A Damodaran
Two incidents rocked the generative AI scene last month—the failure of Google’s much-vaunted new AI chatbot tool, Gemini, and the malfunctioning of ChatGPT.
Of the two, Gemini’s failure was particularly glaring, since it involved historically inaccurate texts and politically and culturally sensitive images. Google promptly went on a damage control mode, by turning off its problematic image generator from the Gemini system.
Critics of Google feel that the tech behemoth was rushed when it came to releasing the Gemini Chatbot. Former Google employees lay the blame for Gemini’s failure on the company’s ‘risk-averse leadership style’ and top-down decision making.
While these contentions may have an element of truth, the larger factor accounting for Gemini’s failure is the peculiar pattern of growth and competition witnessed in the Generative AI space, ever since Open AI launched ChatGPT.
Goliath challenges David
One of the most interesting features of the GenAI arena has been the absence of direct competition between large players. Tech Goliaths like Google are either locked in competition with talented Davids like Open AI who enjoy the first mover advantage, or fight one another through proxies (a case in point is the tussle between Anthropic and Open AI). The problem with the Goliath-David competition in the GenAI space is that nervous Goliaths who go for a swift kill end up badly bruising themselves.
Too many, too soon
The launch of ChatGPT on November 30, 2022 has triggered an avalanche of GenAI products. The list includes a slew of chatbots powered by Large Language Models (LLMs), a variety of plugins, APIs, AI-powered virtual assistants, and co-pilot aids targeted at developers and individual users alike.
The year 2023 witnessed the rapid entry of multimodal foundation AI models from leading AI tech companies, each seeking to beat the other. This trend continues in 2024. Open AI’s latest text-to-video sensation Sora, launched in mid-February 2024, has already met a match in Alibaba’s EMO.
New foundation models (FMs) claim their superiority on account of greater parameter count, larger context window, and high computation efficiency. Both Google’s Gemini Ultra and Meta’s Llama 2 are expected to outdo GPT-4. Anthropic and Mistral AI are also in the race to launch advanced FMs that can outperform GPT-4.
Perhaps what is most interesting about this race is the frenetic pace at which OpenAI’s rivals replace their own models in a bid to stay ahead of their rivals. Anthropic’s Claude 2.1 followed Claude 1.3 in four months. Meta’s launched Llama 2, three months after Llama 1.
As multimodal AI models grow in size, their data requirements vastly increase both in terms of volume and complexity, thus drastically increasing demand for data centres. This phenomenally increases the costs of building advanced FMs. OpenAI spent $4.6 billion to develop GPT-3, a product that goes back to 2020. Experts speculate that the much-anticipated GPT-5 would need finances to the tune of $1.25-2.5 billion just for training the model. Under these circumstances, the economic costs of product failure in the GenAI space can be astoundingly high.
The game that has worked well
In hindsight, OpenAI’s strategy of rapidly scaling up its customer base for ChatGPT proved to be superbly successful. In the past 15 months, OpenAI has not only retained its initial customer base but also managed to drastically enlarge the same, thanks to its adroit strategy of releasing ‘easy to use’ plug-ins, virtual assistant apps, and attractive image generation models. By abandoning its nonprofit pretensions and embracing the subscription model for its ChatGPT Plus last year, OpenAI not only warmed the hearts of its investors but also became the hot favourite of valuation gurus. Today, it enjoys a staggering valuation level of $80 billion.
Future direction
The Gemini fiasco has dealt a huge blow to leading players in the GenAI sector. In the wake of the debacle, the government of India released its advisory to AI tech behemoths, insisting that they seek prior permission before launching their products, go for disclosures, and label products which are undergoing testing.

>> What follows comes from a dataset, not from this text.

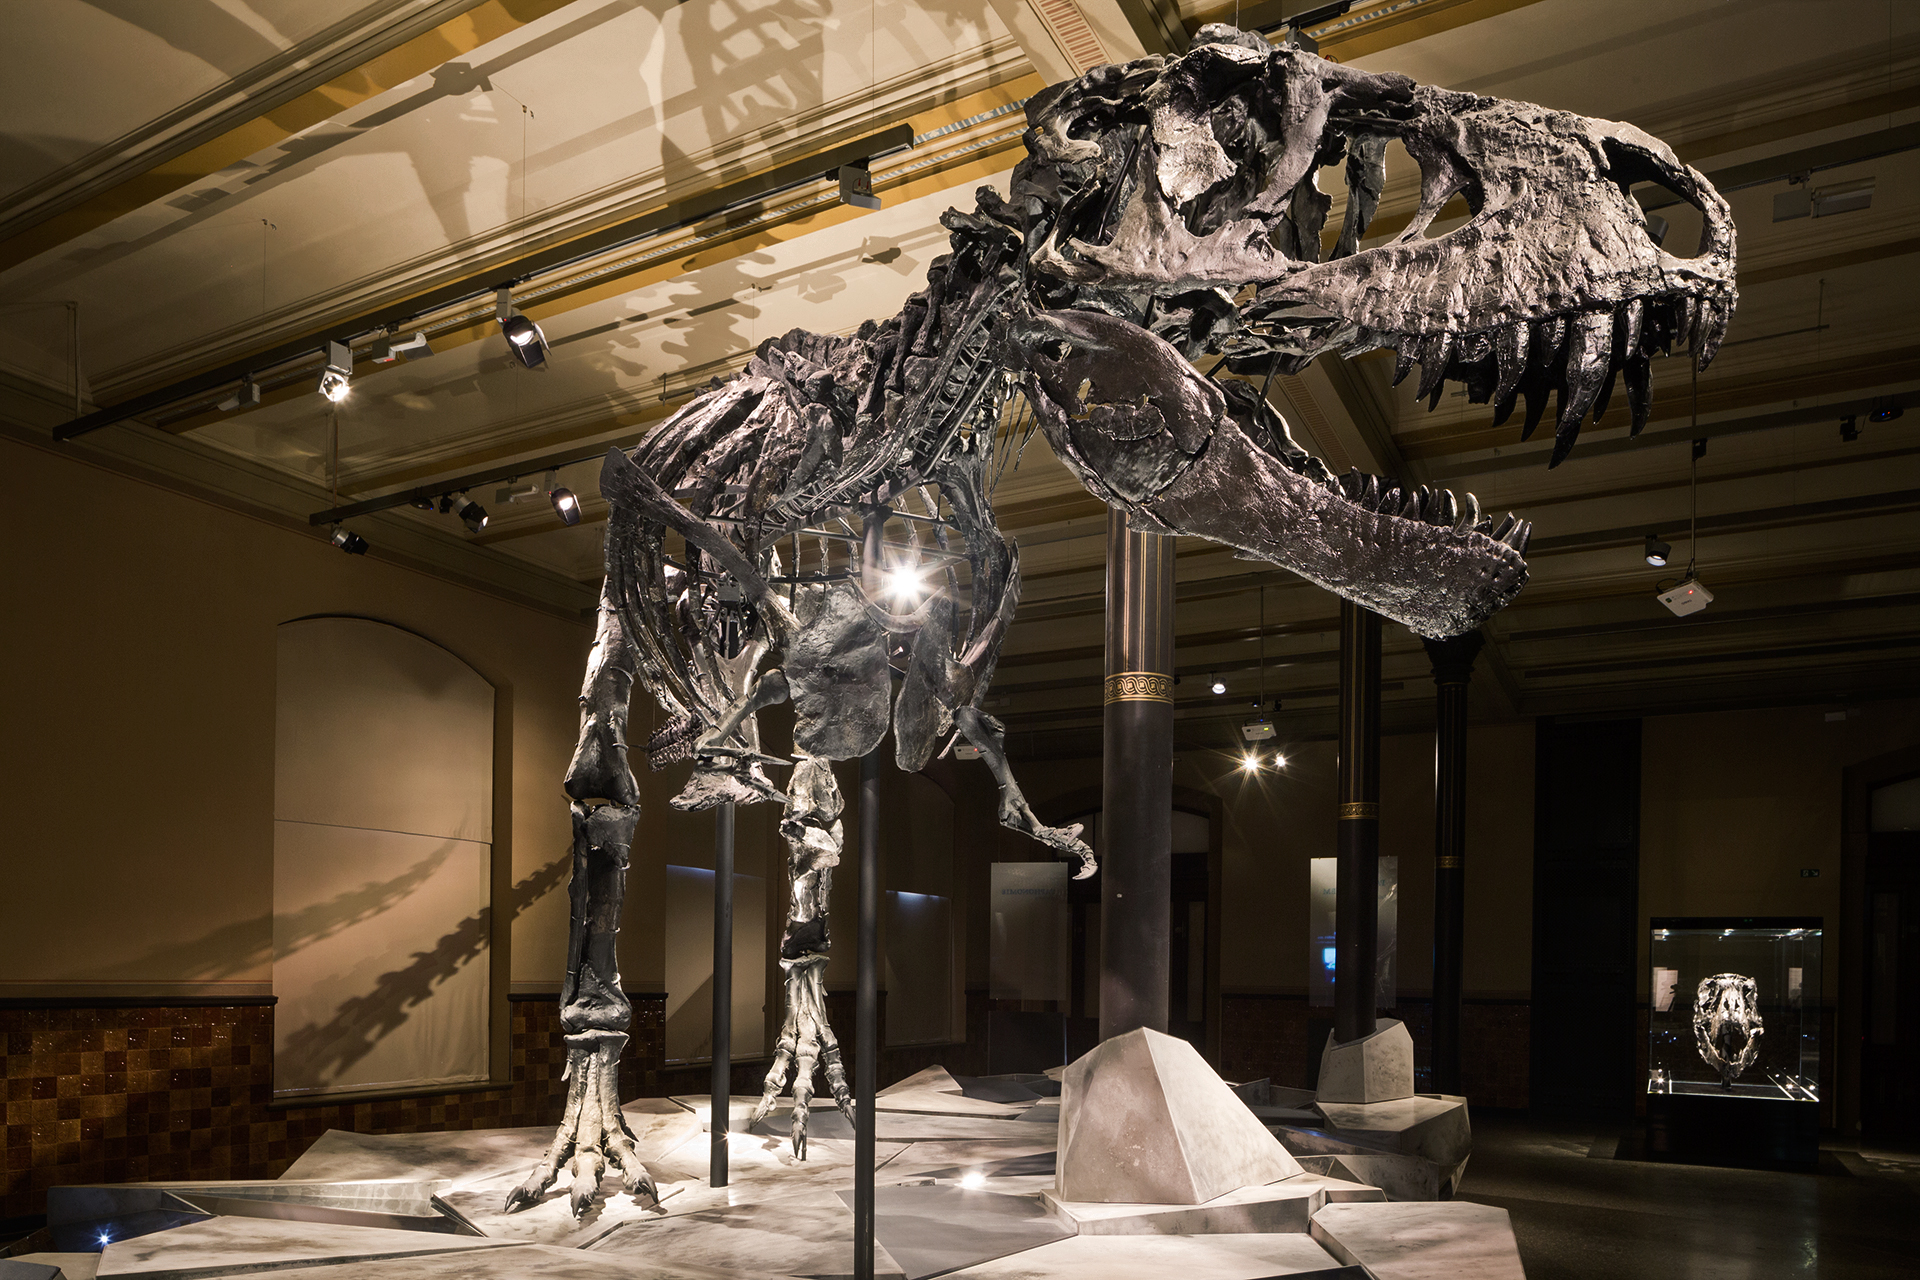  Tristan, the only complete T-Rex skeleton in Europe, has been displayed at Berlin’s Natural History Museum since October 2015.  Berlin, Germany.

In the future, AI FMs would be subject to elongated phases of containment and controlled deployment before their release for large-scale use. Labelling GenAI products too appears to be a reality, even in countries which have had a liberal approach towards it.
Yet another likely consequence of the Gemini fiasco is that it will bring changes in AI model training regimes. Unsupervised learning (that relies on unlabelled data for training models) is likely to face increasing scrutiny. Even training tools that rely on labelled data, like supervised learning, may come under verifiable standards and protocols.
(The author is Visiting professor, Ahmedabad University. Views are personal.)